The FAIR-HF2-DZHK5 trial, a multicenter, randomized clinical study funded by the German Center for Cardiovascular Research (DZHK), has been published today in JAMA, a renowned medical journal. Co-financing was provided by the pharmaceutical company CSL Vifor, which also took responsibility for providing and distributing the study medication across Europe. The trial investigated whether intravenous iron supplementation using ferric carboxymaltose could reduce the risk of hospitalizations due to heart failure, or cardiovascular death.
The trial was led by Professor Stefan D. Anker of the German Heart Center at Charité (DHZC) and Professor Mahir Karakas of the University Medical Center Hamburg-Eppendorf (UKE). The University Medical Center Hamburg-Eppendorf served as the legal sponsor.
Half of all patients with heart failure are iron deficient
Iron deficiency is common in people with heart failure, affecting approximately half of all patients. An inadequate iron supply can significantly impair physical performance and quality of life and is associated with a worse overall prognosis. The aim of the FAIR-HF2 study was therefore to determine whether targeted iron supplementation in patients with heart failure would also impact the risk of hospitalizations and cardiovascular complications.
The study included 1,105 individuals with heart failure with reduced ejection fraction and iron deficiency from six European countries. Two laboratory parameters were used to diagnose iron deficiency: ferritin, which indicates the body’s iron stores, and transferrin saturation, which reflects how much iron in the blood is available for essential processes such as blood formation and energy metabolism.
Iron deficiency was defined as either a low ferritin level (below 100 nanograms per milliliter) or, if transferrin saturation was below 20 percent, a ferritin level between 100 and 299 nanograms per milliliter. Patients were medically monitored over a period of approximately 17 months.
Results: Well tolerated, with indications of benefit
The treatment reduced the number of cardiovascular deaths or first hospitalizations due to heart failure by 21 percent compared to placebo. However, this reduction was not statistically significant. No clear benefit was observed in the subgroup with especially low iron status (transferrin saturation below 20 percent). Overall, the therapy was well tolerated, and the rate of serious adverse events was not higher than in the placebo group.

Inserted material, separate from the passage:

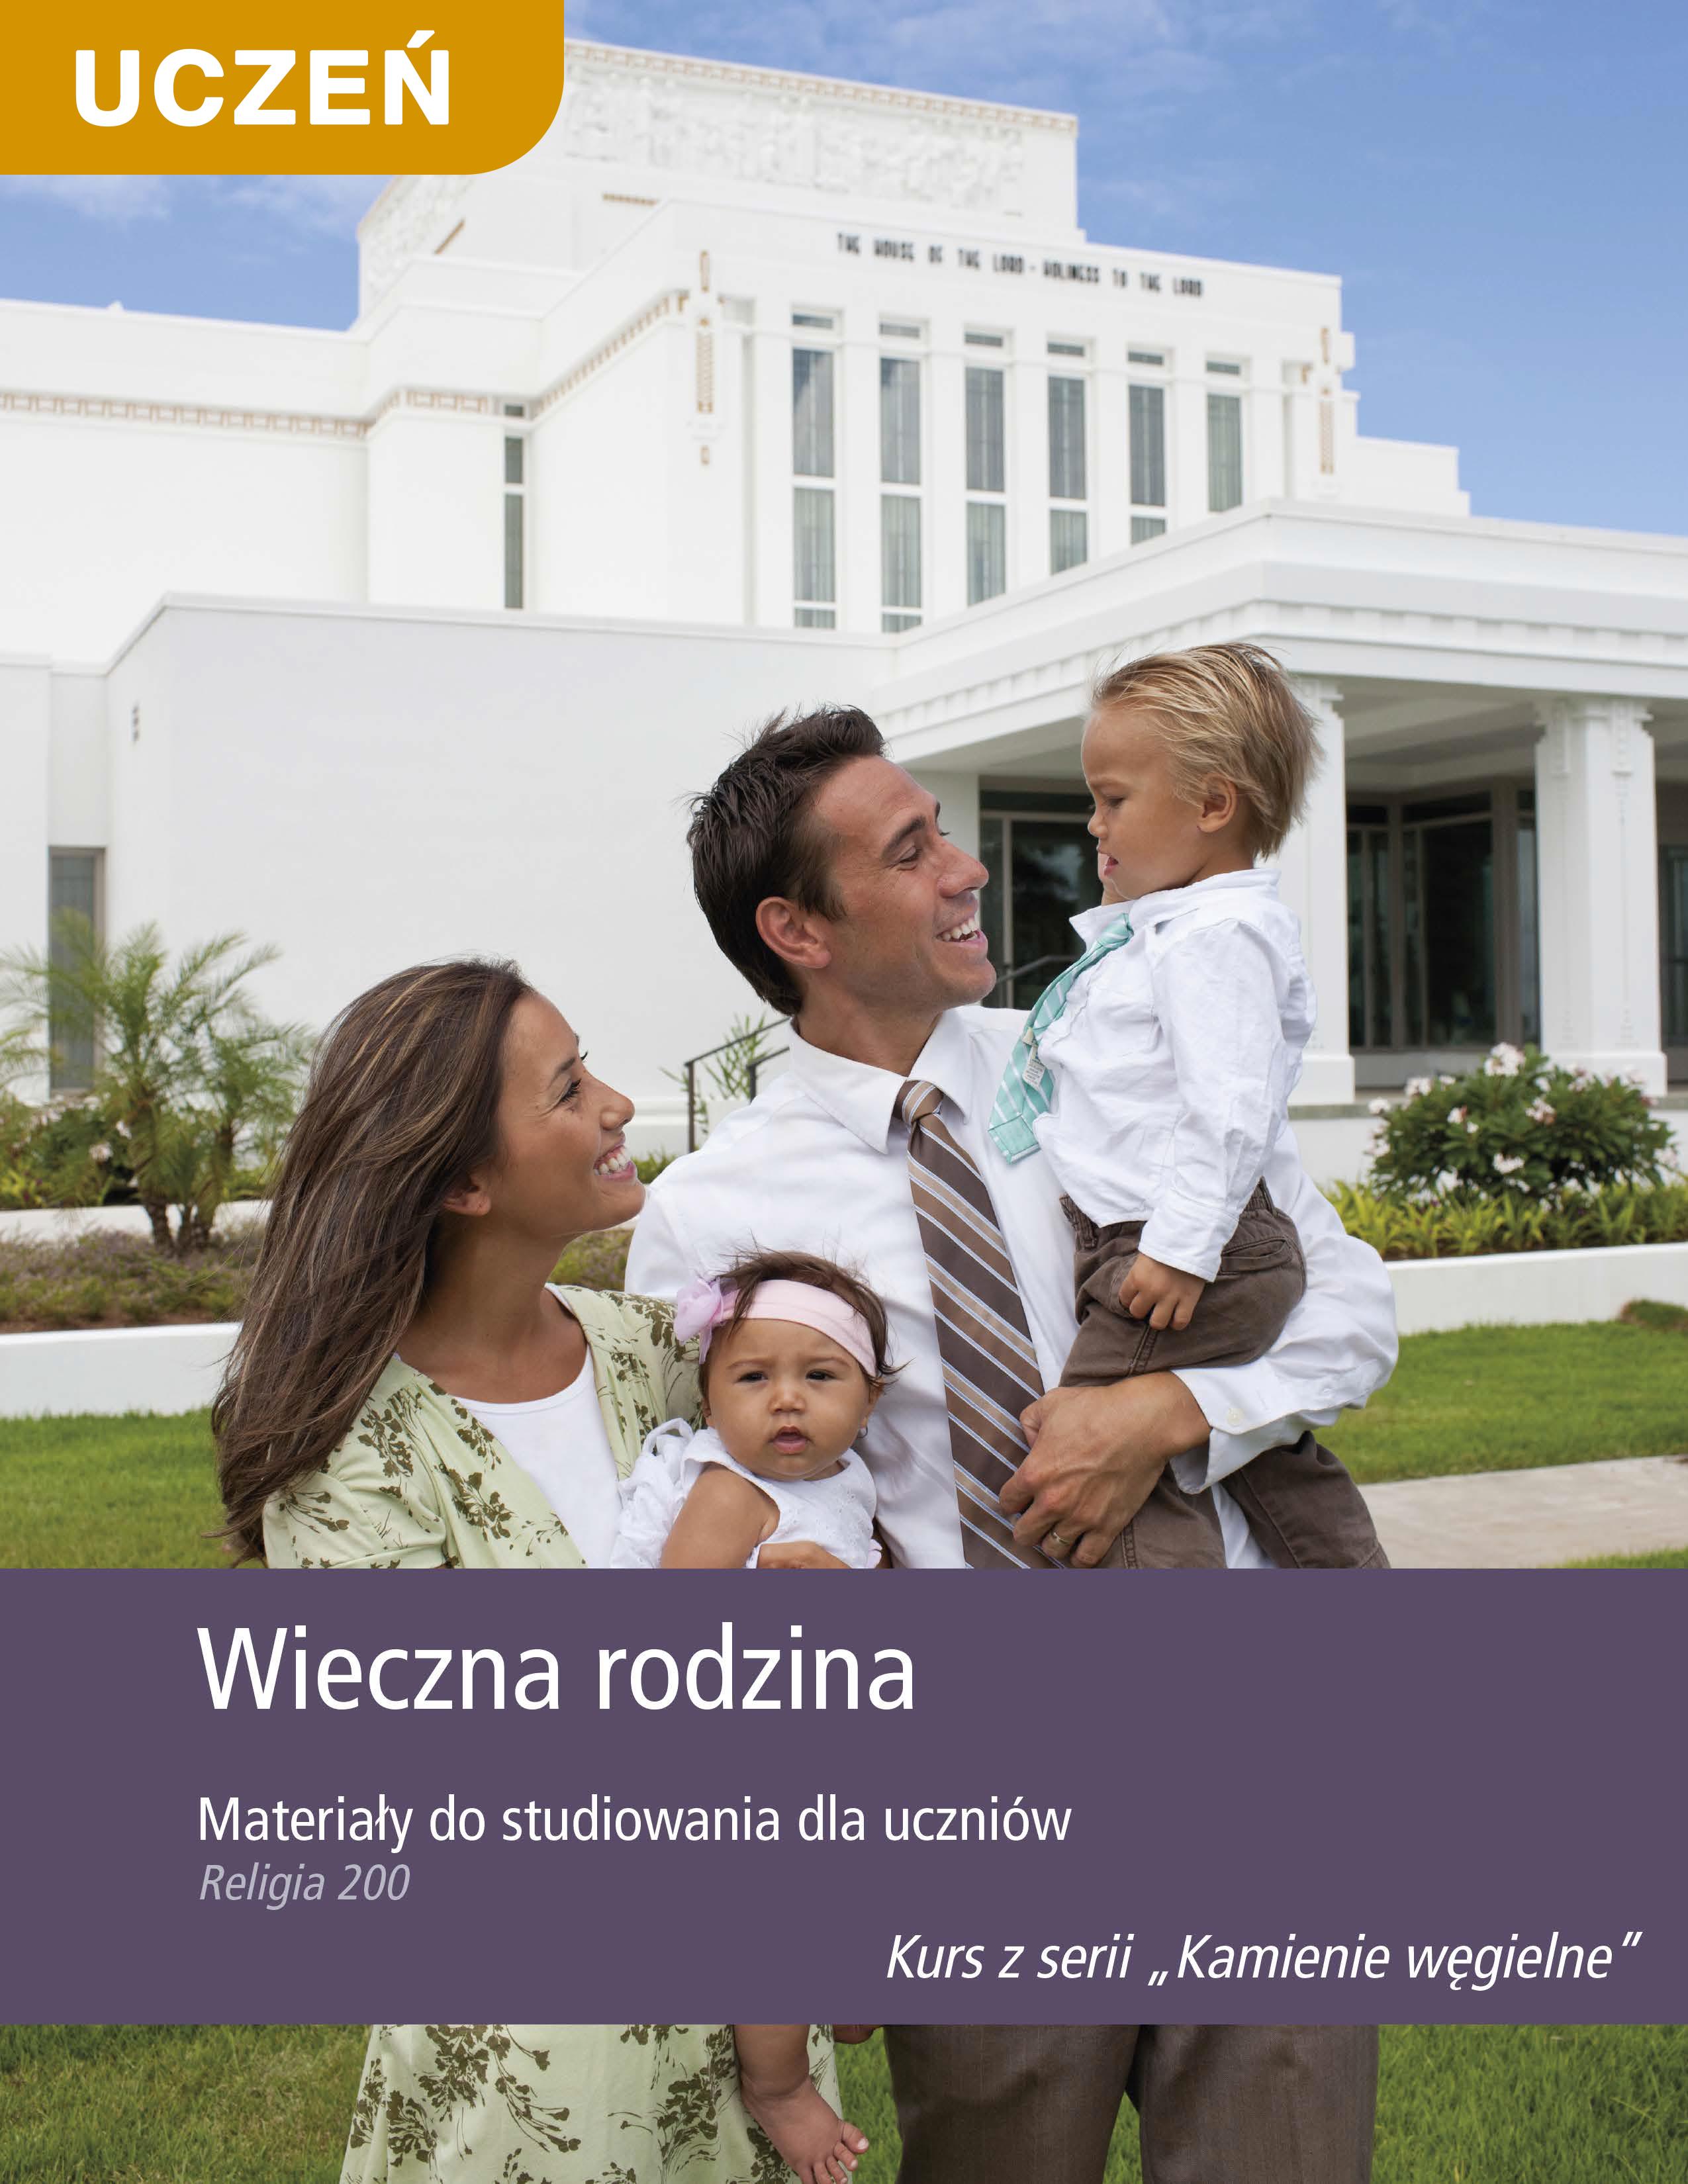 Wieczna rodzina. Materiały do studiowania dla uczniów (Rel 200)

“With FAIR-HF2 and the new meta-analysis, we confirm the existing Class I guideline recommendations for the treatment of patients with heart failure and iron deficiency using ferric carboxymaltose,” says Professor Anker. “Our goal is to improve symptoms and physical performance and reduce hospital admissions. Although FAIR-HF2 narrowly missed its primary endpoint, the study offers valuable insights into how iron deficiency should be defined and how targeted iron therapy can be used in heart failure.”

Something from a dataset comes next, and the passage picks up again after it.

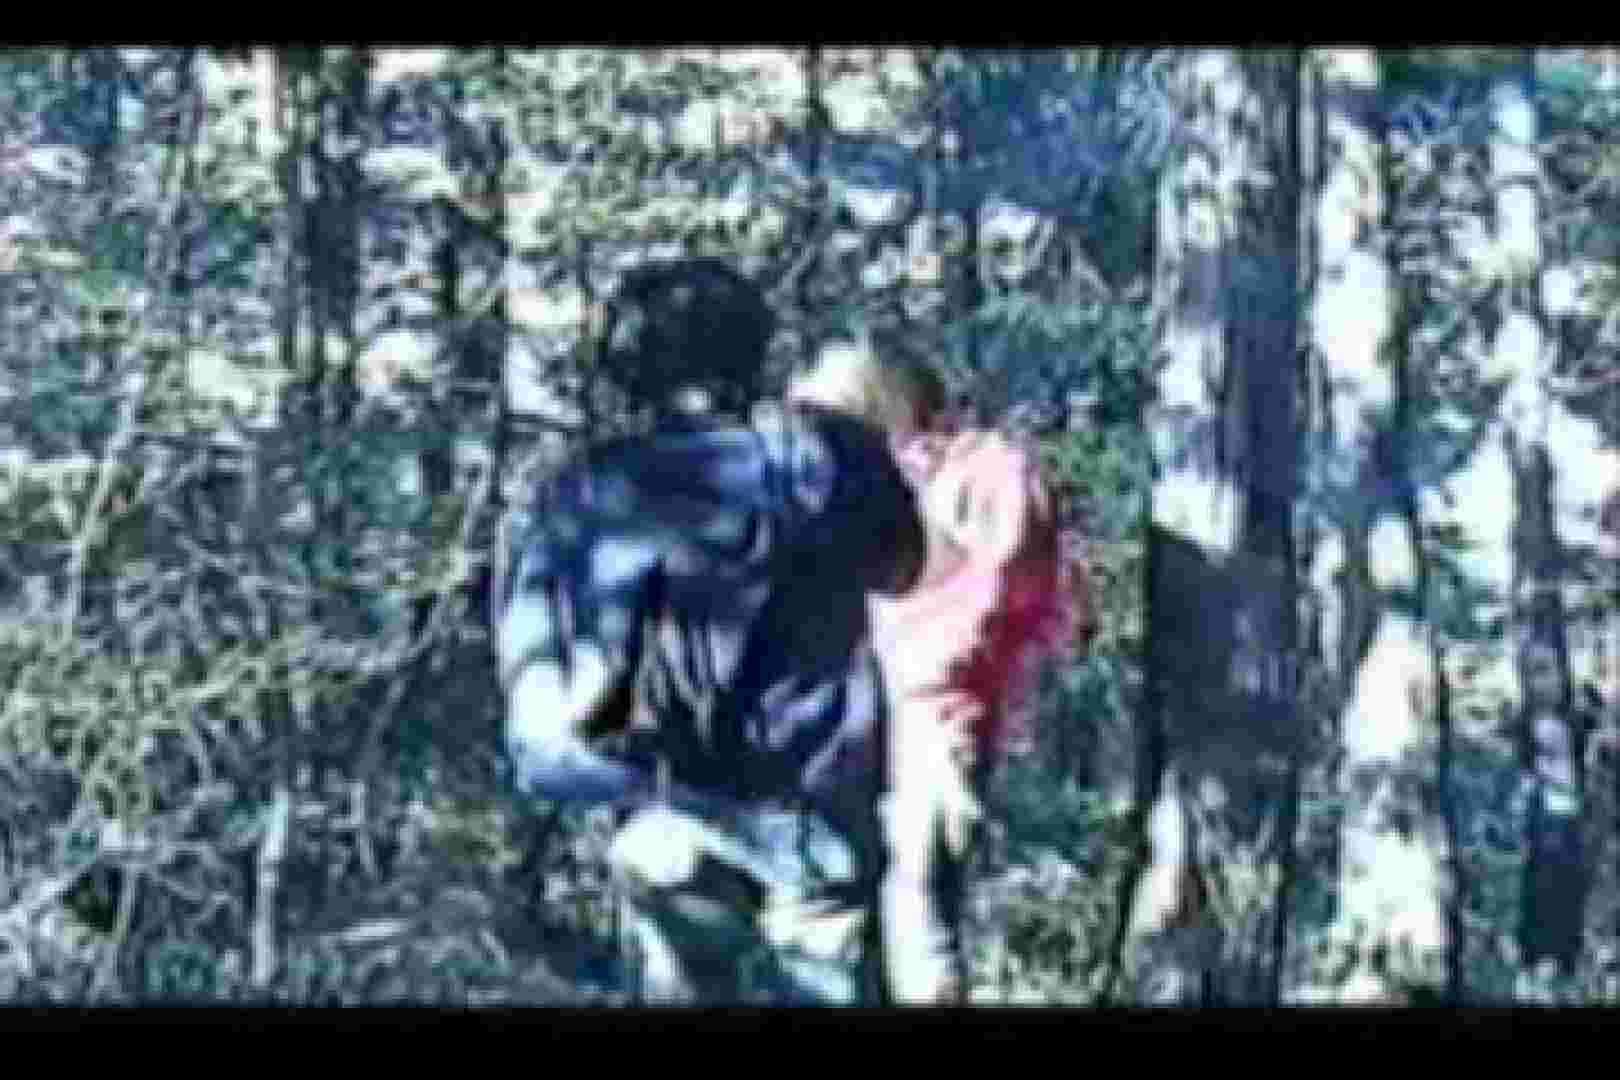 オールドゲイシリーズ  美少年ひかるのオープンファック イケメン  106pic 62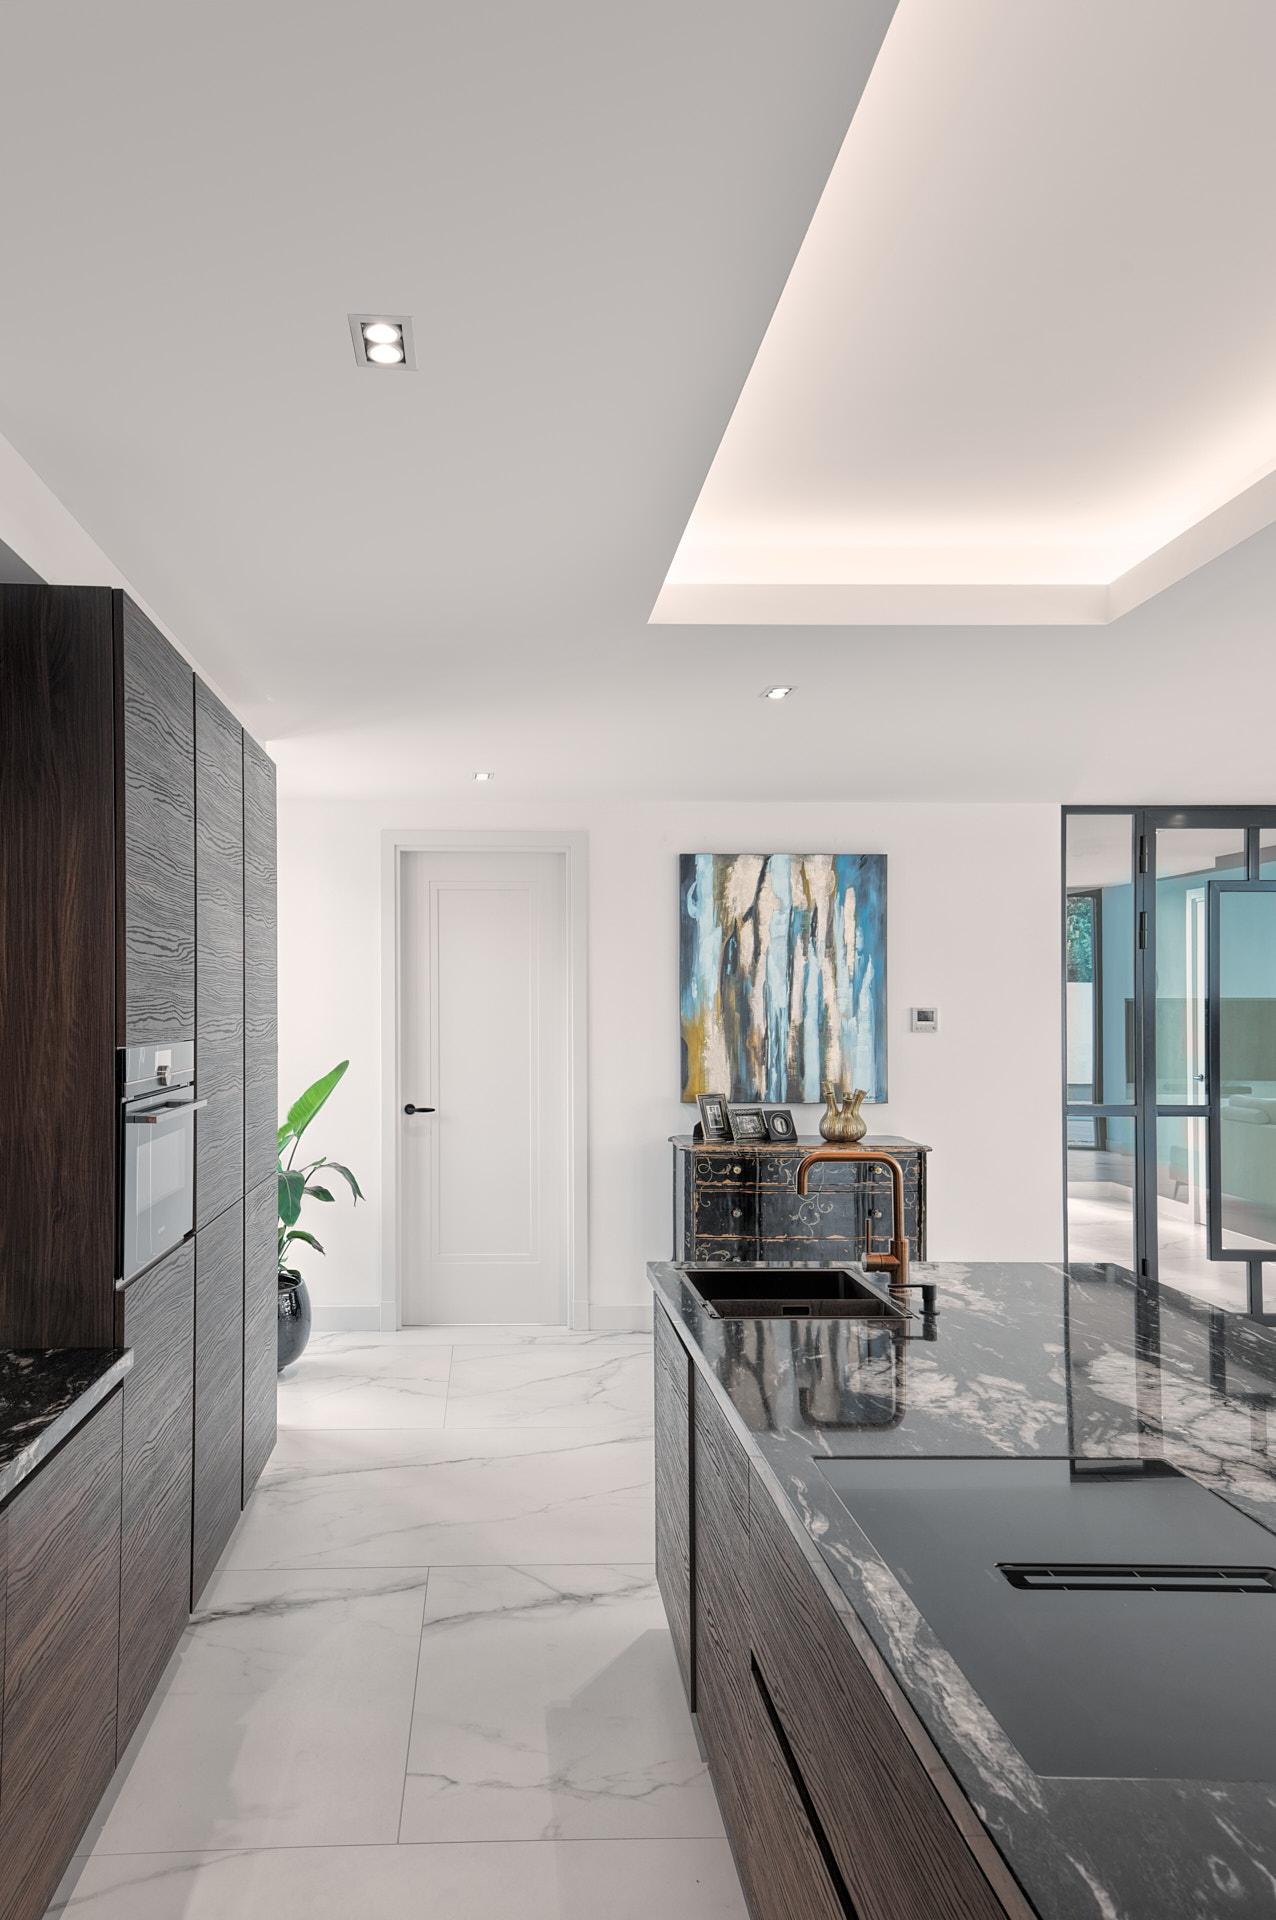 Keukenontwerp met marmeren tegels en plafondverlichting.

Additional analysis shows impact on hospitalizations and mortality
An international meta-analysis published in parallel in Nature Medicine underscores the clinical relevance of these findings. The analysis combines data from six randomized trials involving more than 7,000 patients, among them FAIR-HF, CONFIRM-HF, AFFIRM-AHF, IRONMAN, HEART-FID, and FAIR-HF2. The new evaluation shows that intravenous iron therapy significantly reduces the risk of recurrent hospitalizations due to heart failure and cardiovascular death, particularly during the first year of treatment. FAIR-HF2 thus makes an contribution to the current body of evidence and helps answer previously unresolved questions about the optimal timing and dosing of therapy.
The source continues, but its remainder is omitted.